Katherine Thomson, senior curriculum manager with Magoosh, a test prep company, suggests that premeds should attempt to schedule their MCAT exam as soon as possible after slots open up for their desired test date, since spots may run out.
"Registration for the MCAT is split into two phases," she says. "In October, students may begin to register for January through May test dates. June through September test dates open for registration in February. You can follow the AAMC on Twitter to learn the exact time when registration opens," Thomson says.
Thomson adds that students who need their MCAT scores back by a certain date should take that into account when they schedule their MCAT test, since it takes about 30 days after the test to receive a score. "Because of the MCAT score release delay, take the MCAT by May if you want your application to be among the earliest reviewed by medical schools," she says.
It is common for premeds to say that they are unsure how to start preparing for the MCAT, Mitchell says. "To address this concern, the AAMC has developed a free six-step guide to creating a study plan," she says. "The study plan walks students through a simple planning process that helps them evaluate their current level of knowledge, organize their resources, plan their study schedule and simulate a mock exam day before the actual test day."
She adds that the AAMC provides an abundance of MCAT test prep resources, including many which are free.
Med students say that, because the MCAT is a multi-hour exam that covers a variety of academic disciplines including both science and non-science subjects, it's crucial to prepare for the length and breadth of the exam.
"The best way to do it is to take a lot of practice tests," says Cameron Ward, a student at the University of Texas Southwestern Medical Center. Ward says his approach to building up the endurance necessary to complete the entire MCAT test in one sitting was to progressively tackle more significant chunks of the test until he could complete the entire test in one go. Then Ward repeatedly took the full-length exam until it felt normal, he says. "By the time the test came around, I was accustomed to the length, and I had learned how to maintain focus" for an extended time period, Ward says.
Taking practice tests helps students identify which topics to focus on during their test prep, Ward says.
Divya Vaithiswaran, an M.D. student at St. George's University, says that MCAT prep can be "disheartening" and "humbling" at times, however, it is possible to perform well on the test even if preparing for it is challenging.
"The anxiety of taking the test is very real," she says. "People need to realize that, when you start studying for the MCAT, a lot of times you feel like you can't do it because you're not scoring as well as you should." Vaithiswaran says premeds shouldn't get discouraged if they initially struggle with practice MCAT exam questions. "No one starts studying for the MCAT knowing everything," she adds.
Lauren Friedrich, a UT Southwestern medical student, says the best way for premeds to decide what their target MCAT score should be is to research what the typical scores are among admitted students at the med schools where they plan to apply.
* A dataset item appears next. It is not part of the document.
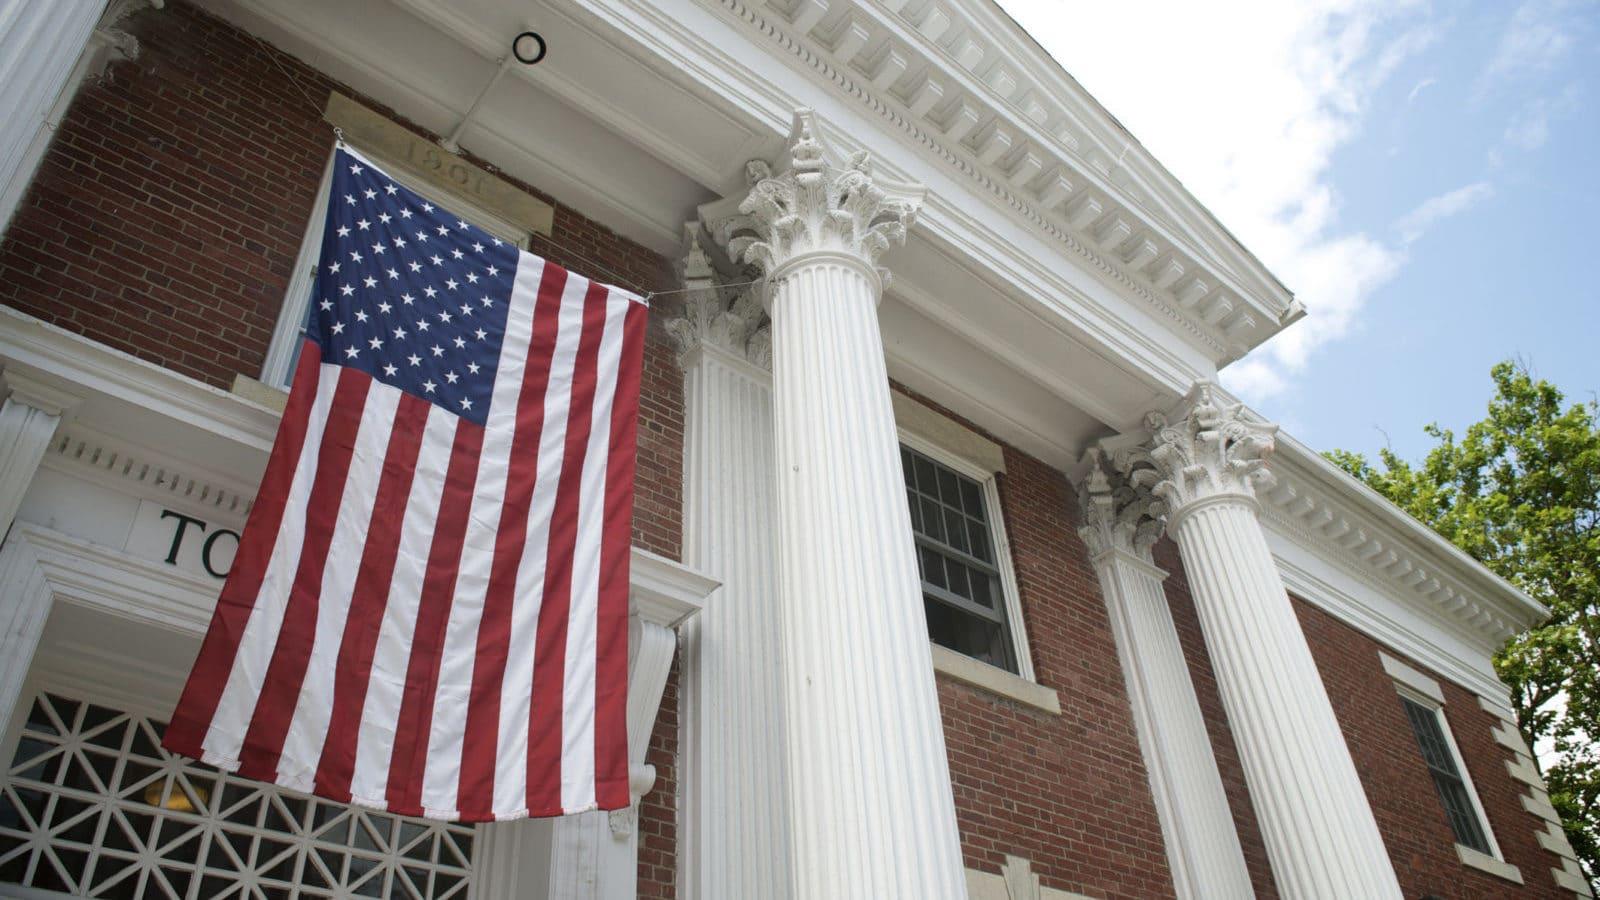 American flag hangs between the white columns

Friedrich says that she waited to take the MCAT until she had finished premed courses that were relevant to the test, such as psychology and sociology.
How Important Is the MCAT During the Medical School Admissions Process?
Dr. Blake Barker, associate dean for student affairs at UT Southwestern Medical Center, says med school hopefuls should be careful not to overestimate the weight that the MCAT is given in admissions decisions.
"Medical schools really intently look at the whole application in its entirety ... with (the) MCAT just being one piece," he says. "Think of your application like a pizza, and if one piece of the pizza is a little bit smaller than the rest, that means that the rest of the pieces need to be a bit bigger to make a whole pizza."